--- BRIEF ---
Copy out all of the lines below exactly; the pictures do not belong in the copy.

--- DATASET CONTENT ---
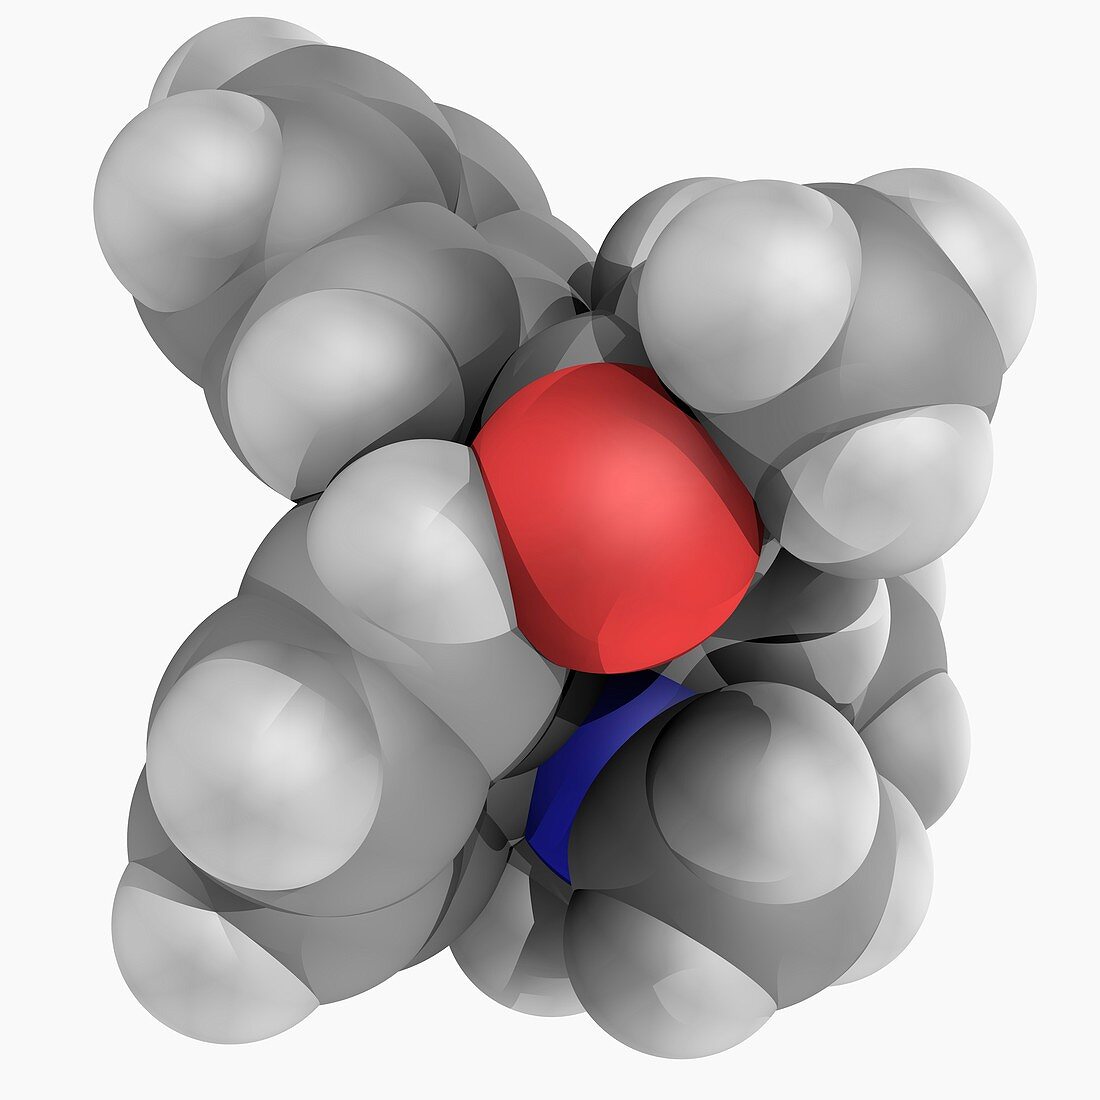 Methadone drug molecule
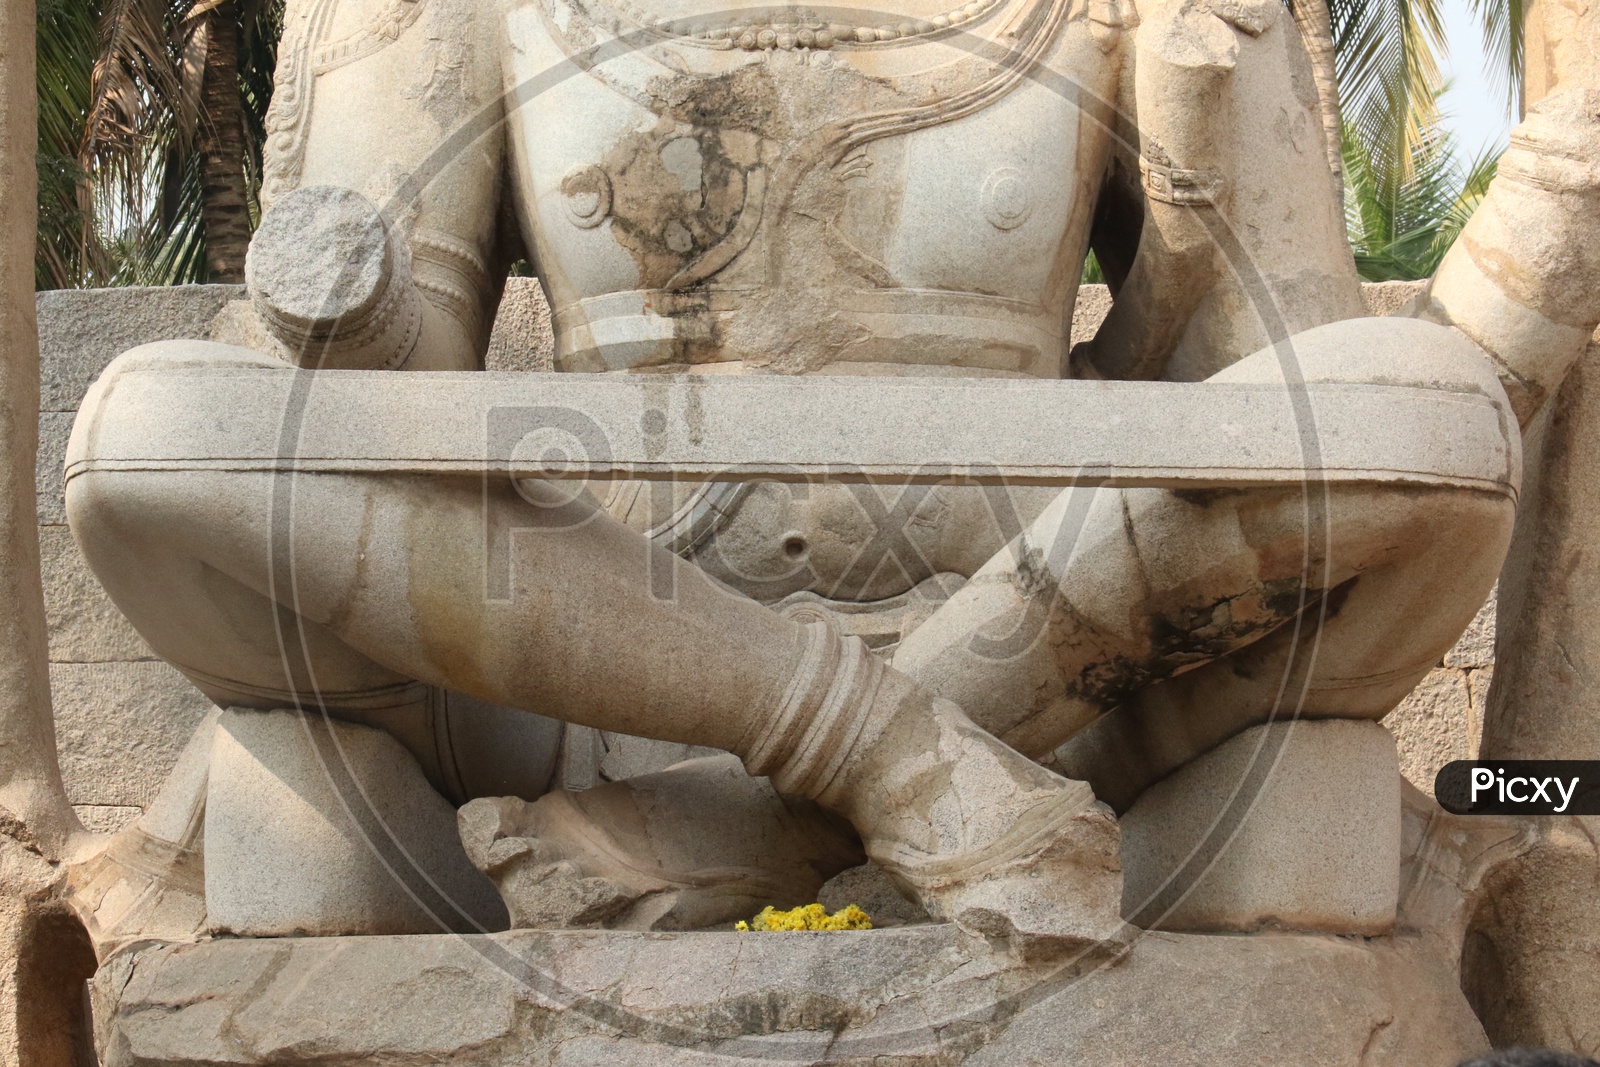 The Old Ruins Of Stone sculpture Of Hindu God Lakshmi Narasimha swamy at Sri Lakshmi Narasimha Temple in Hampi , karnataka
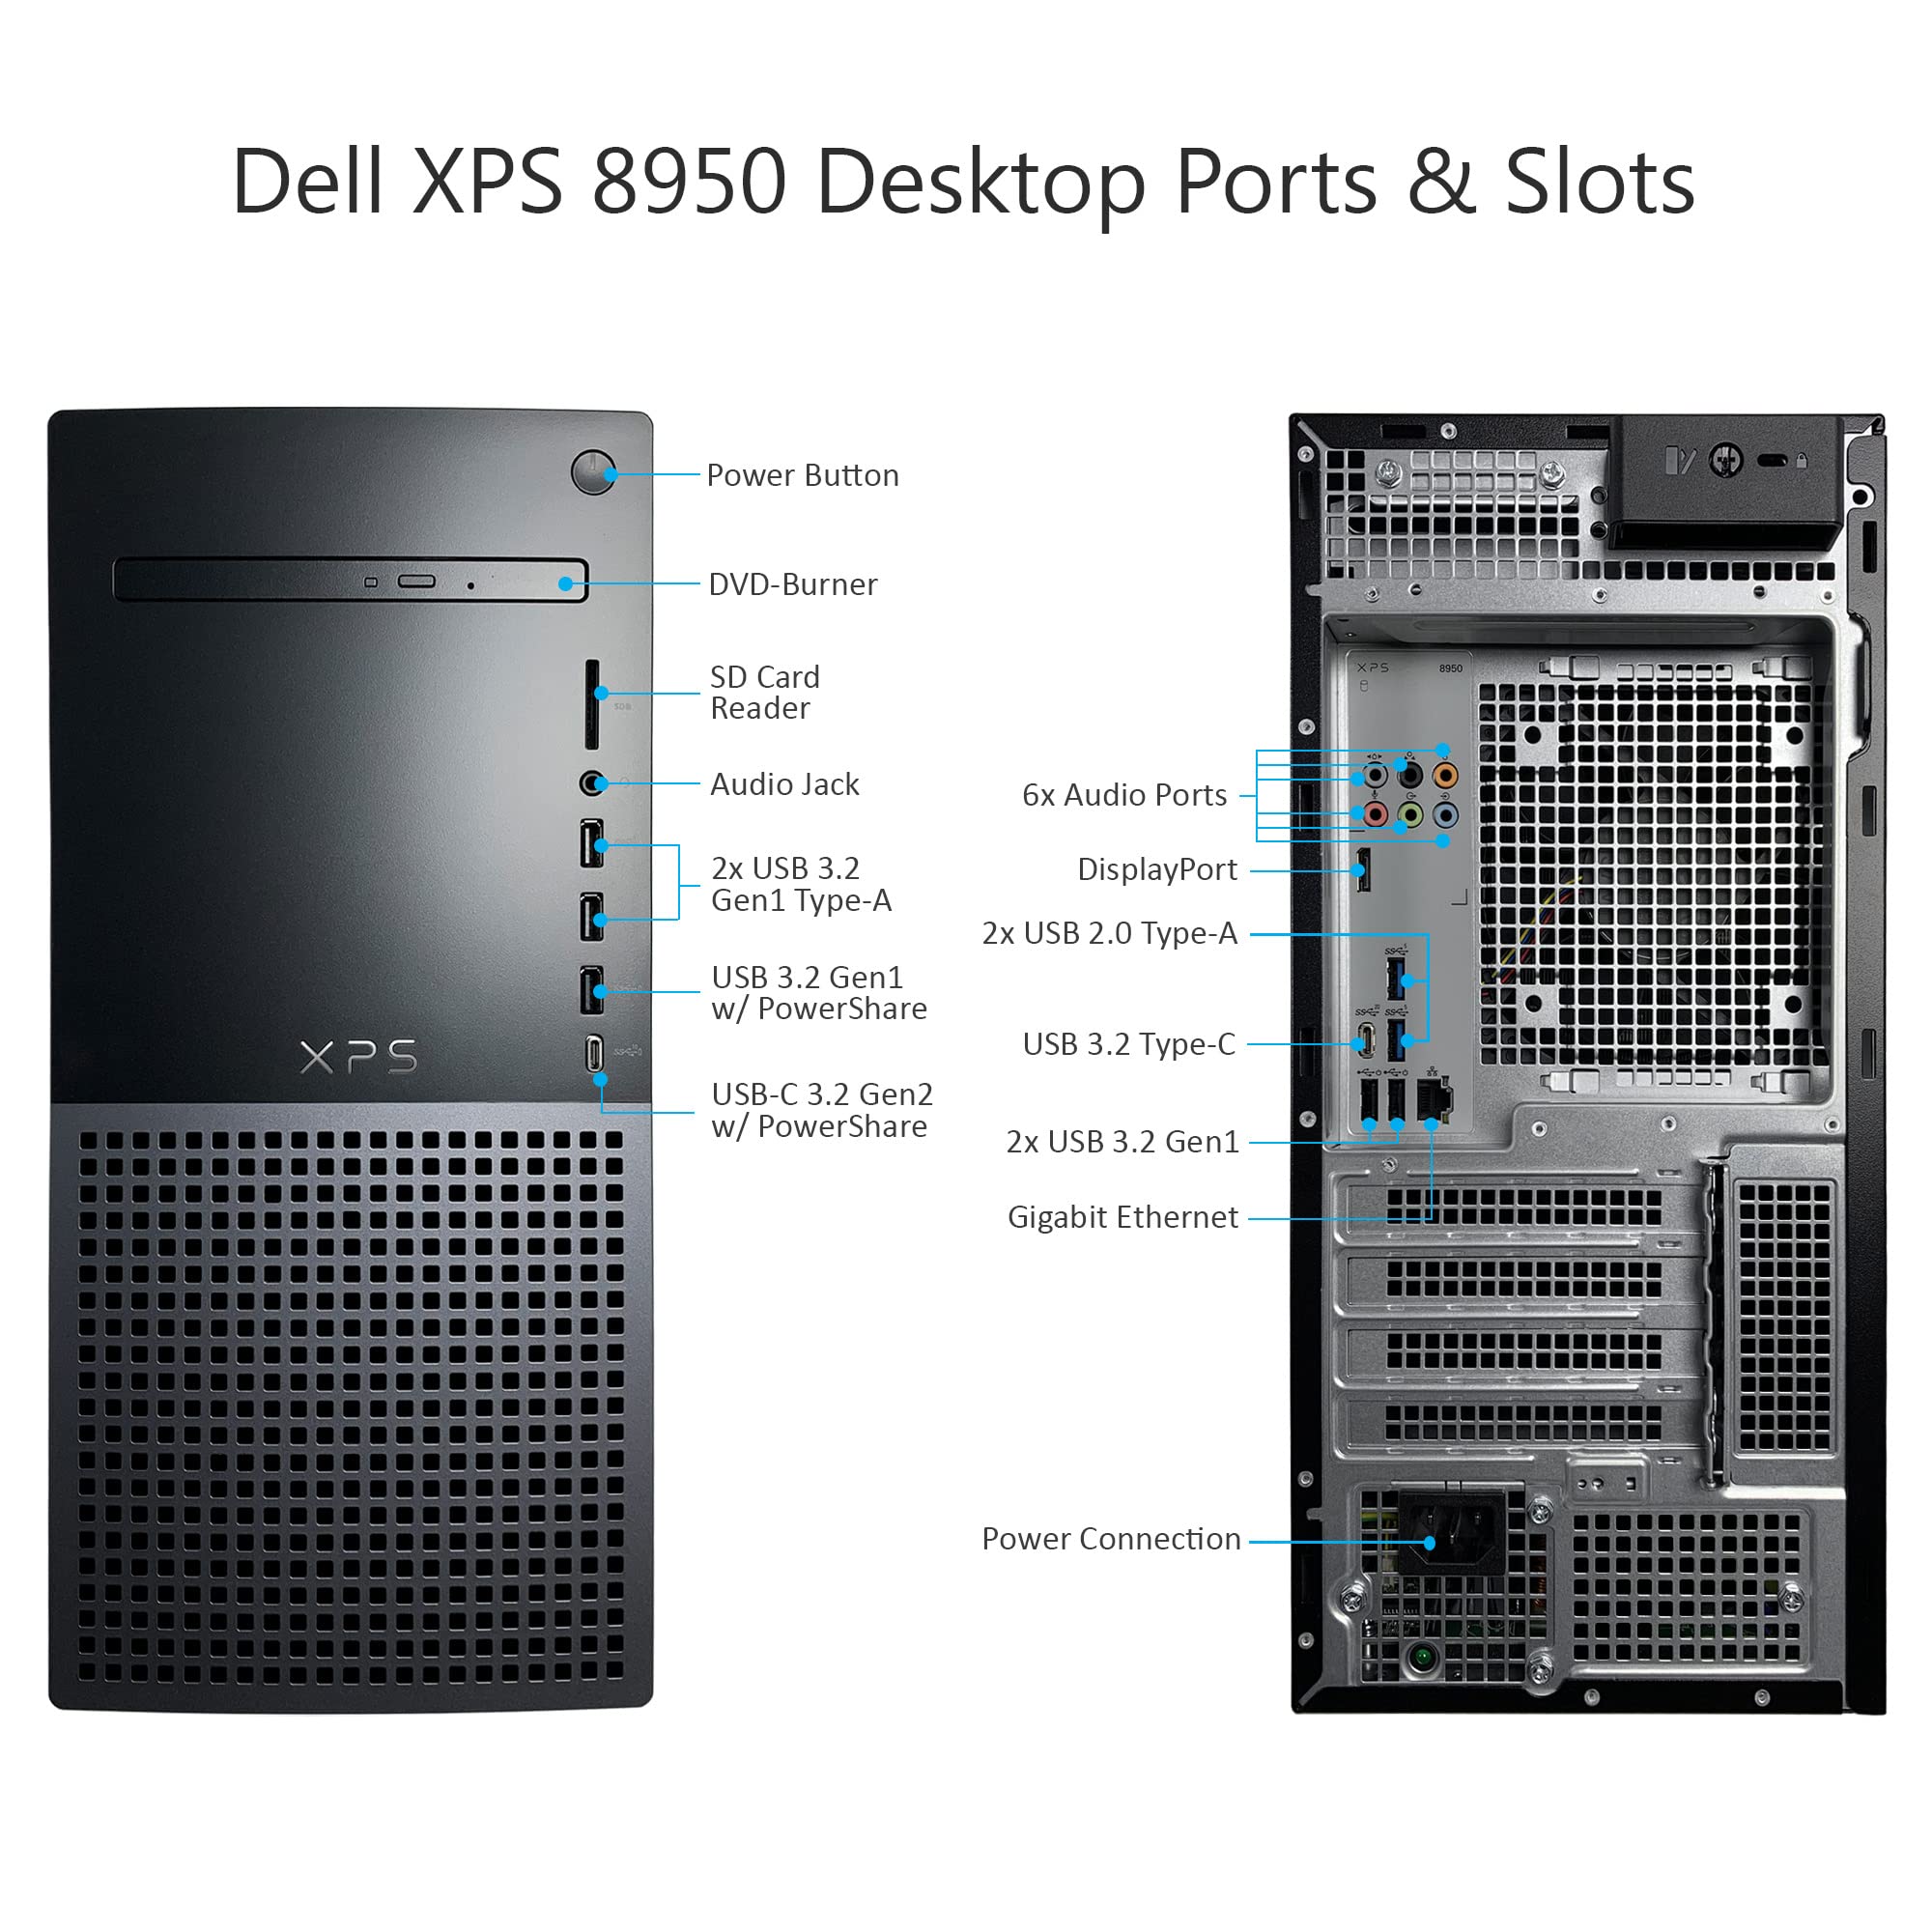 Dell XPS 8950 Desktop Computer - 12th Gen Intel Core i7-12700K up to 5.0 GHz CPU, 128GB RAM, 1TB NVMe SSD + 1TB HDD, Intel UHD Graphics 770, Killer Wi-Fi 6, DVD Burner, Windows 11 Home

--- EXERCISE RESPONSE ---
 Methadone drug molecule
 The Old Ruins Of Stone sculpture Of Hindu God Lakshmi Narasimha swamy at Sri Lakshmi Narasimha Temple in Hampi , karnataka
 Dell XPS 8950 Desktop Computer - 12th Gen Intel Core i7-12700K up to 5.0 GHz CPU, 128GB RAM, 1TB NVMe SSD + 1TB HDD, Intel UHD Graphics 770, Killer Wi-Fi 6, DVD Burner, Windows 11 Home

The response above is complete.